• GIVEN MATERIAL
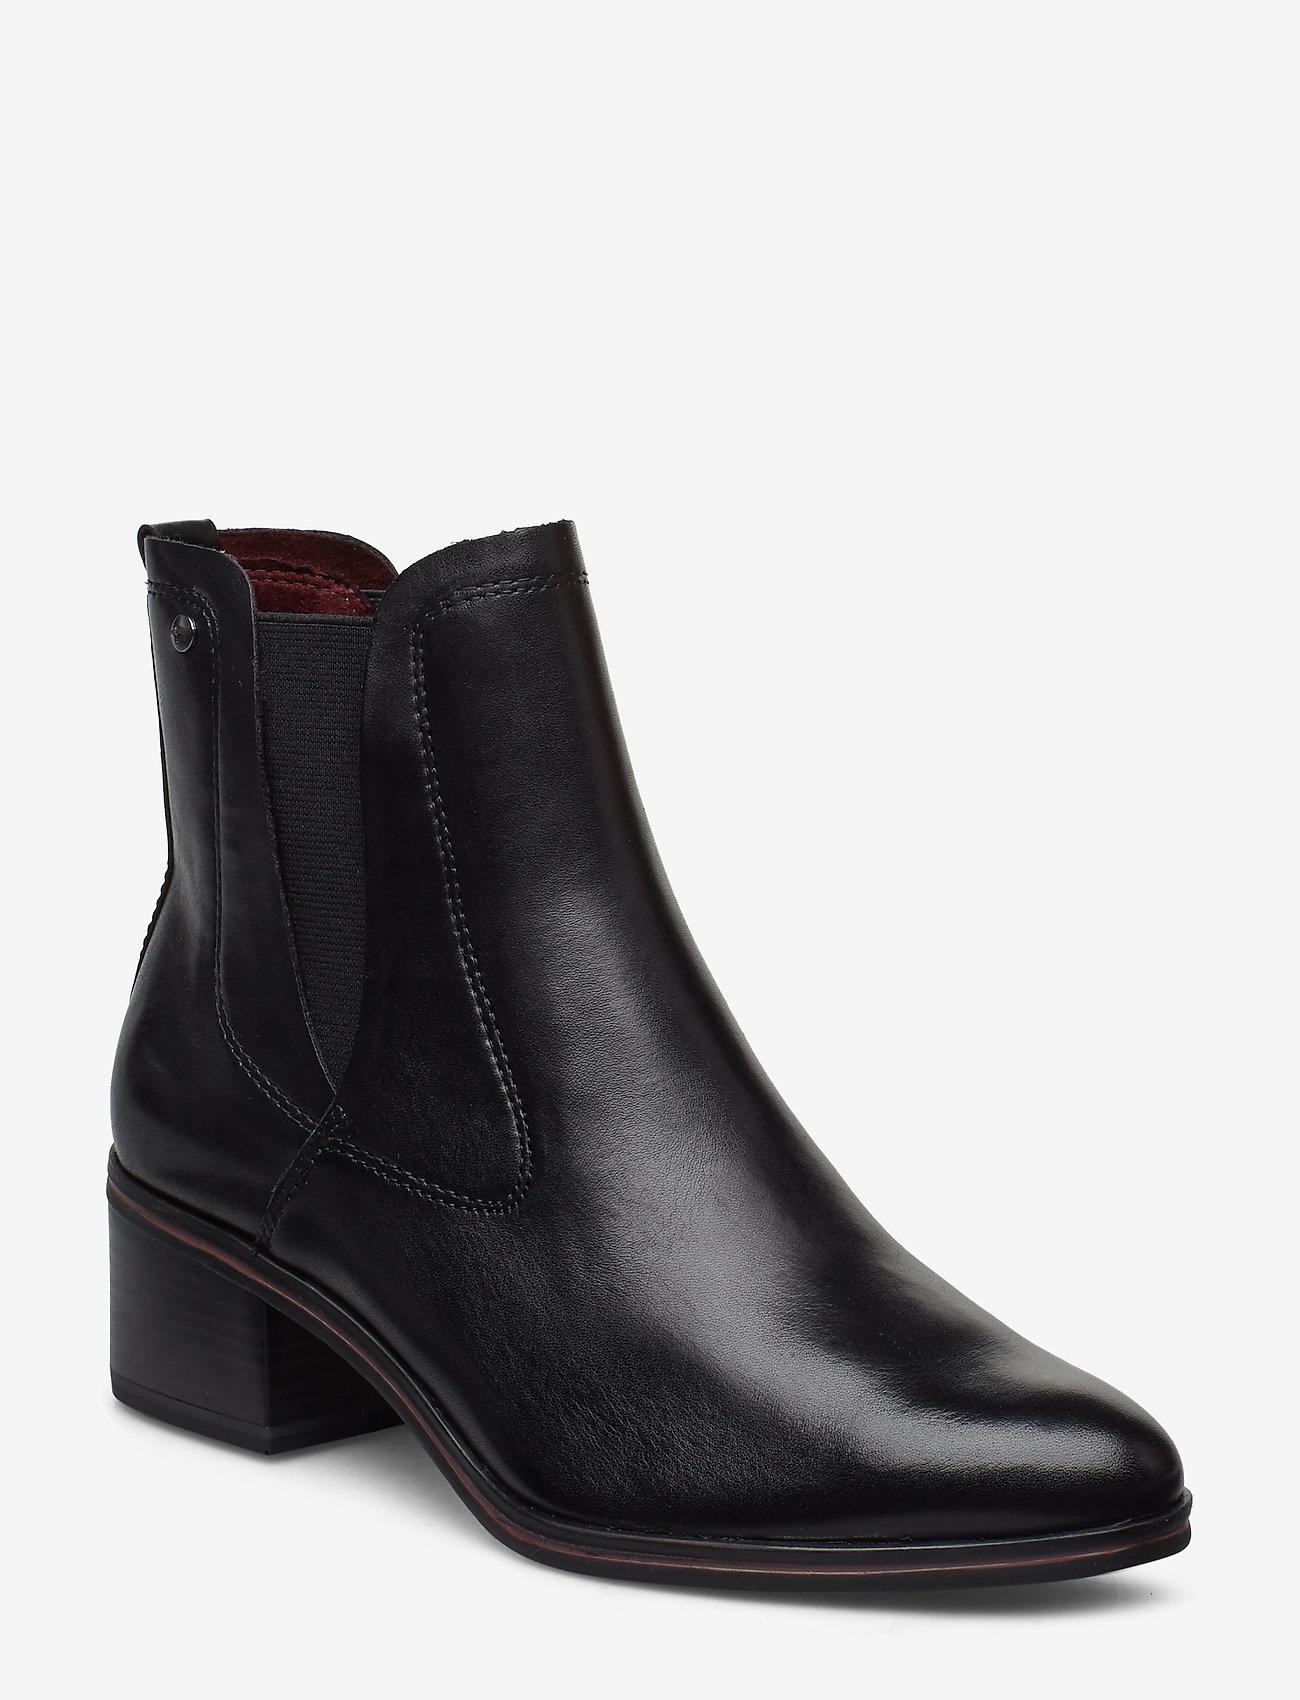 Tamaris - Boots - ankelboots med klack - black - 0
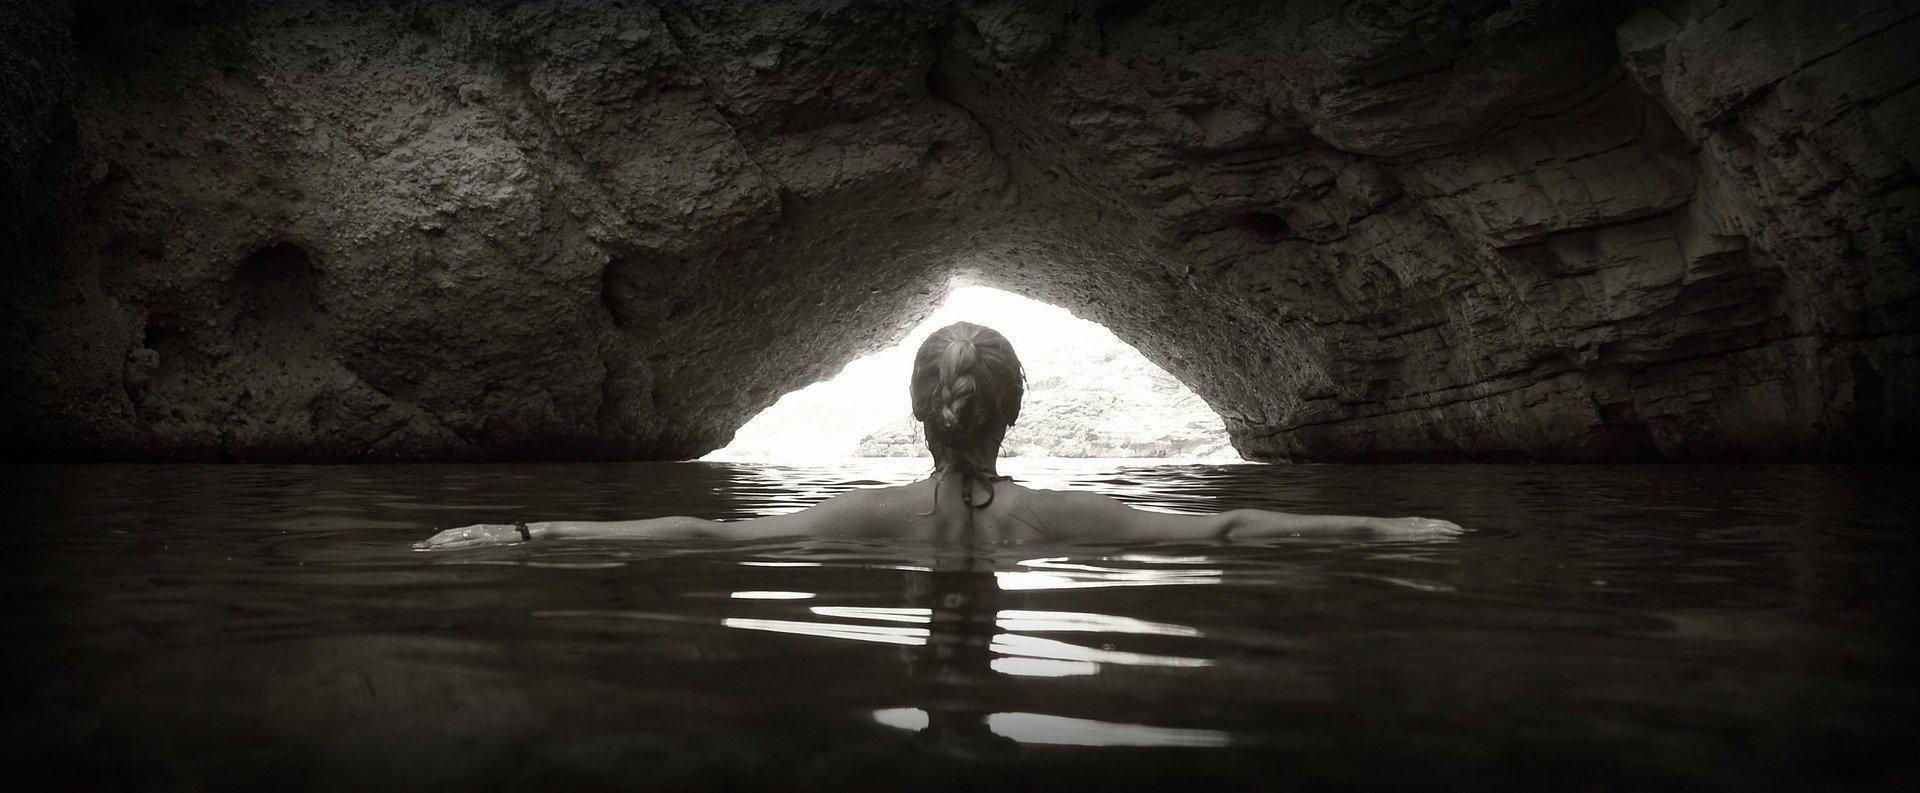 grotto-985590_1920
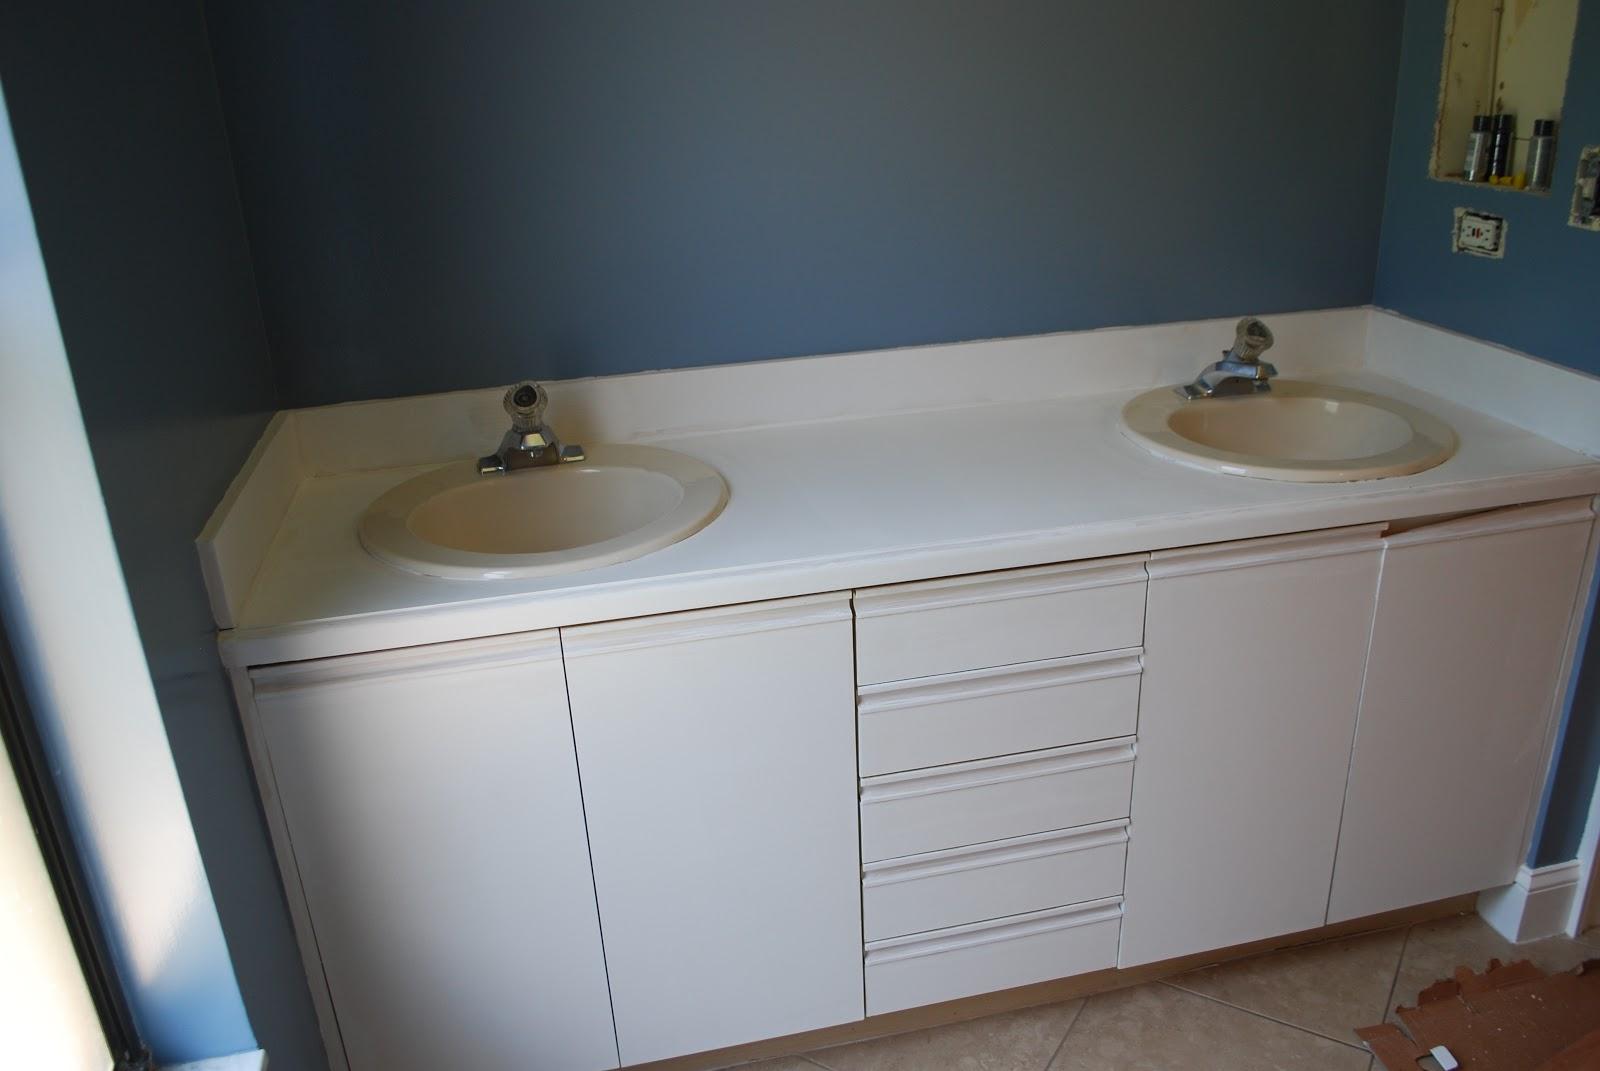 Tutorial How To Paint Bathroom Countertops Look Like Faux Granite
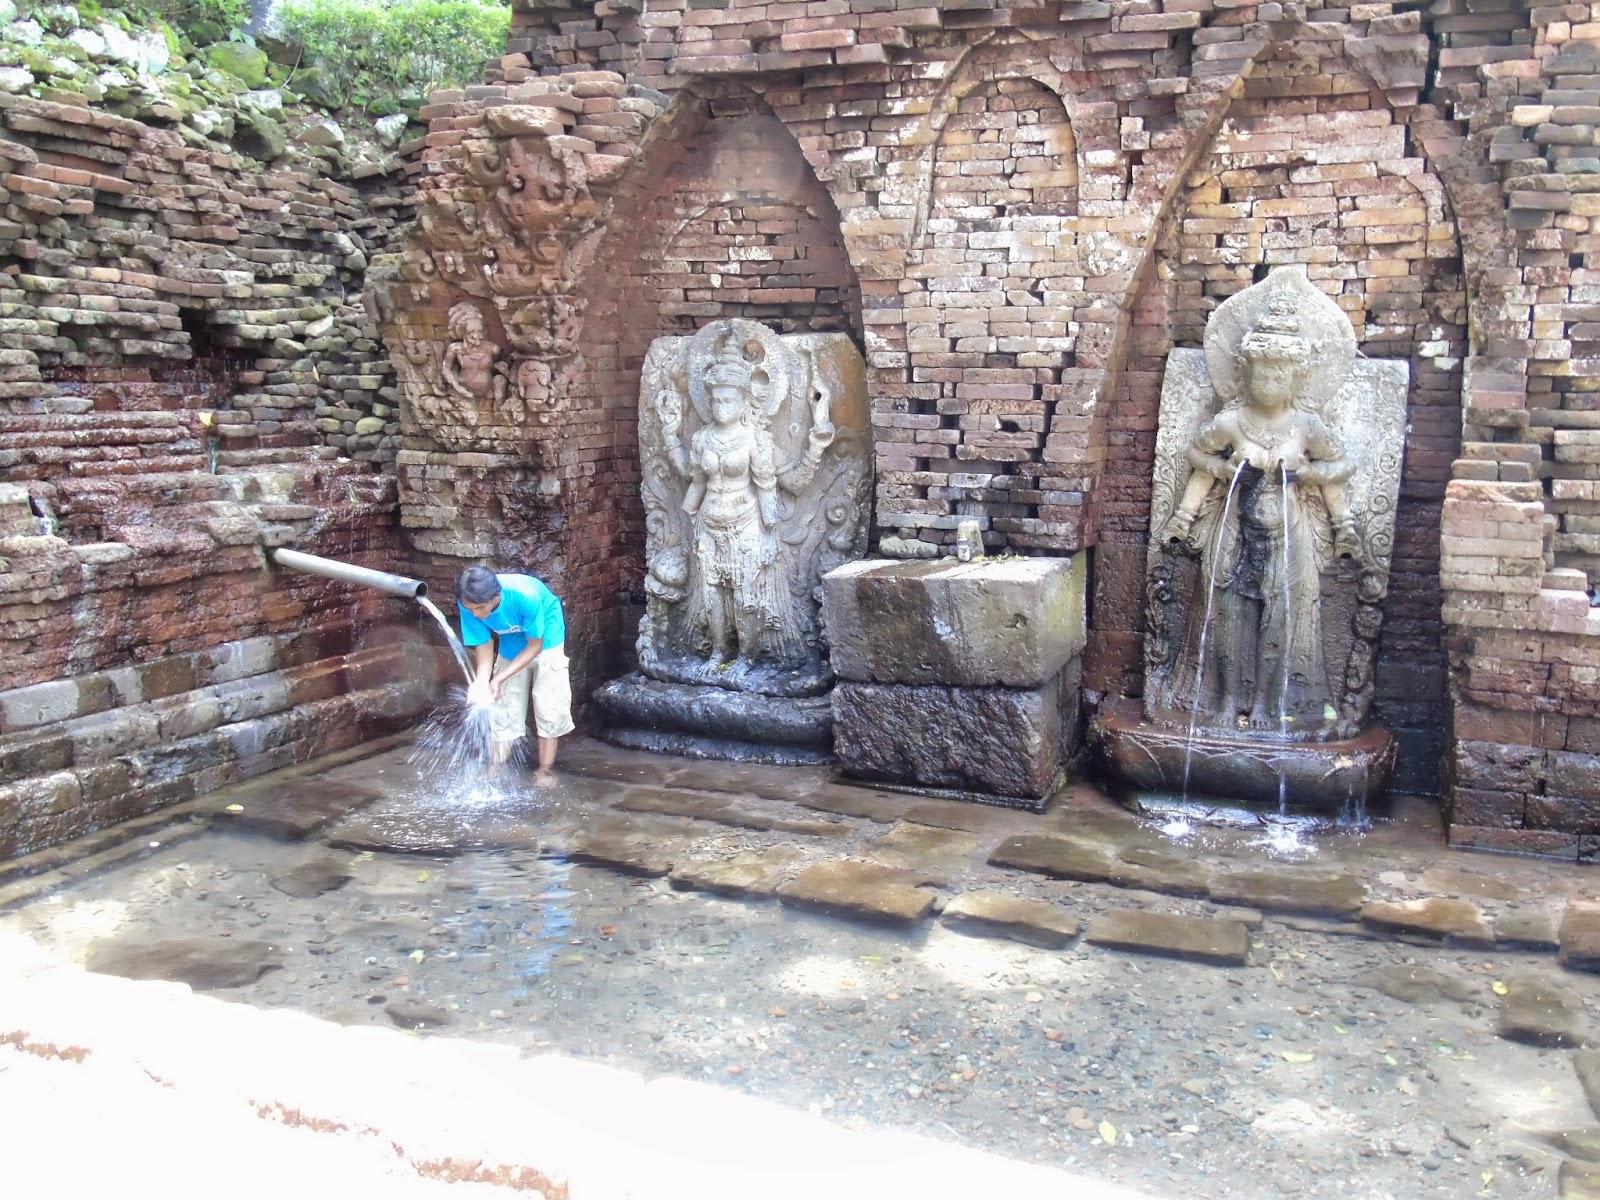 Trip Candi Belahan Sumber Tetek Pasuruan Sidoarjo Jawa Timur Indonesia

• EXERCISE DETAILS
Retype all of the material above precisely as it reads. Pictures are not part of the copy.

• TASK RESULT
 Tamaris - Boots - ankelboots med klack - black - 0
 grotto-985590_1920
 Tutorial How To Paint Bathroom Countertops Look Like Faux Granite
 Trip Candi Belahan Sumber Tetek Pasuruan Sidoarjo Jawa Timur Indonesia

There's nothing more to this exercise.